If we ignore the restriction that $x > 0$ for the moment, we notice that the graph of the function $V'(x)$ is a downward facing parabola with vertex $(0, 263/2)$ and $x$-intercepts $(-\sqrt{263/3}, 0)$ and $(\sqrt{263/3}, 0)$. Between the two $x$-intercepts, $V'(x) > 0$. Outside the two $x$-intercepts, $V'(x) < 0$. Hence, $V'(x) > 0$ if $0 < x < \sqrt{263/3}$ and $V'(x) < 0$ if $x > \sqrt{263/3}$. Hence, by the First Derivative Test, $V(x)$ has a relative maximum at $x = \sqrt{263/3}$.

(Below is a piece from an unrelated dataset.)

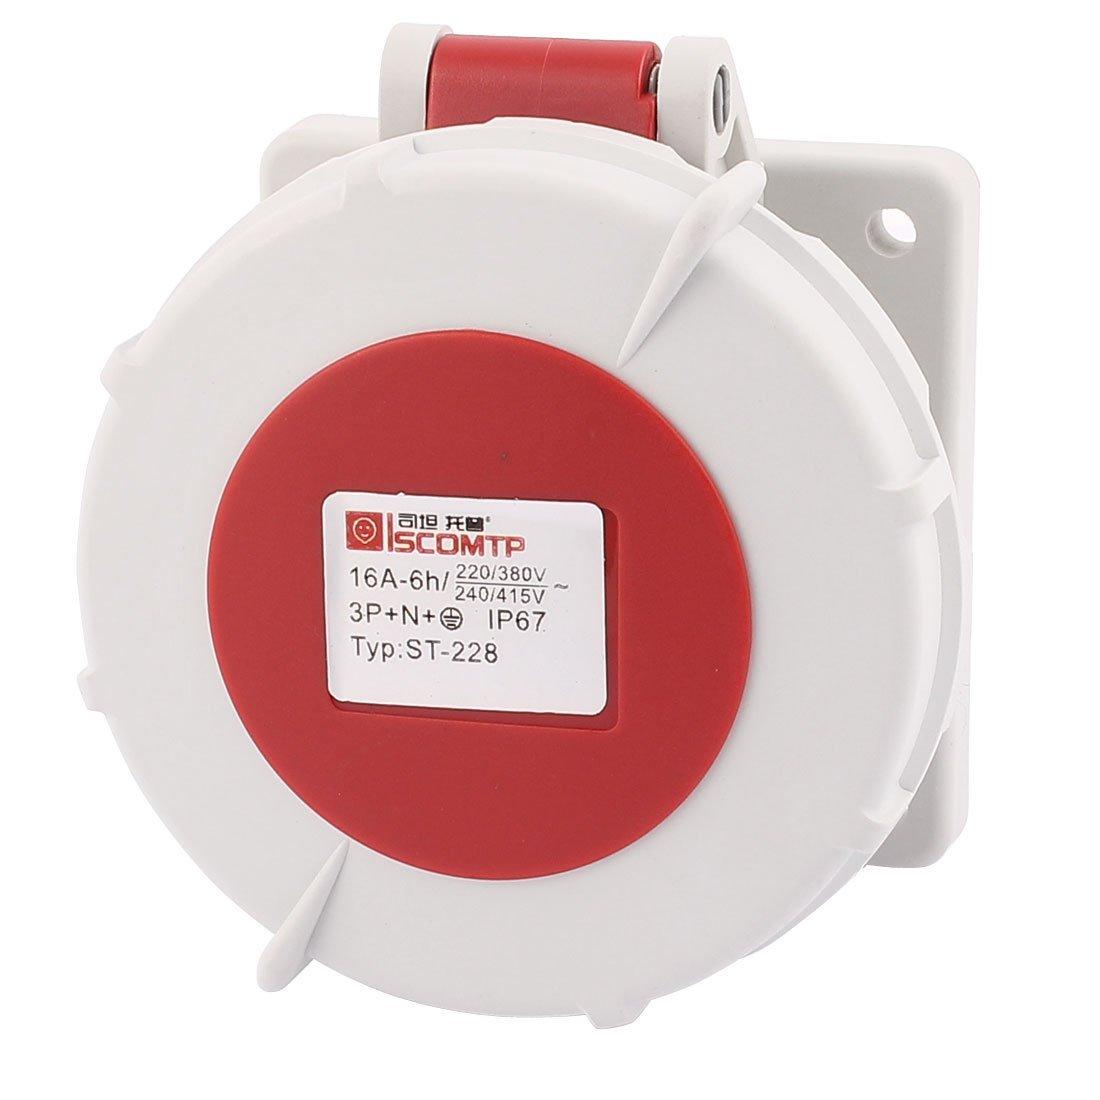 eDealMax AC 240V-415V 16A IP67 3P + N + E 5-terminal hembra Industrial Socket Straight - - Amazon.com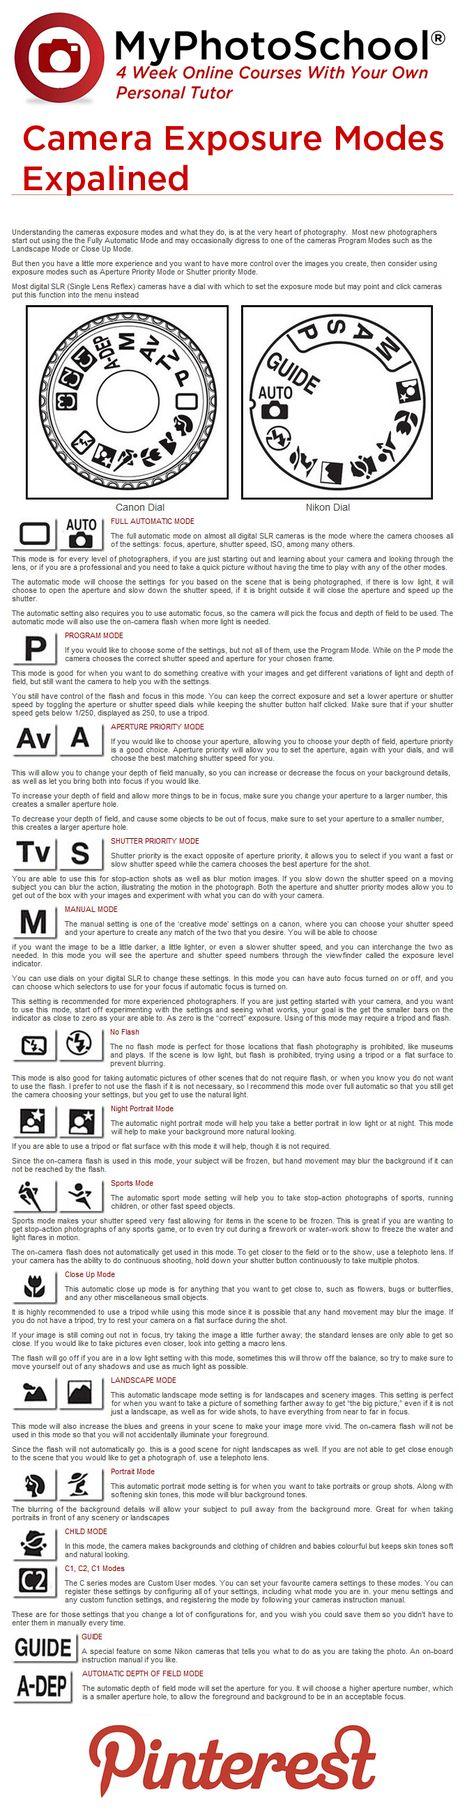 Camera exposure modes and program modes explained

Thus, the volume is maximized when $x = \sqrt{263/3}$ and \begin{align*} h & = \frac{263 - x^2}{2x}\\ & = \frac{263 - \frac{263}{3}}{2\sqrt{\frac{263}{3}}}\\ & = \frac{\frac{3 \cdot 263 - 263}{3}}{2\sqrt{\frac{263}{3}}}\\ & = \frac{2 \cdot \frac{263}{3}}{2\sqrt{\frac{263}{3}}}\\ & = \frac{\frac{263}{3}}{\sqrt{\frac{263}{3}}}\\ & = \sqrt{\frac{263}{3}} \end{align*} that is, when the box is a cube.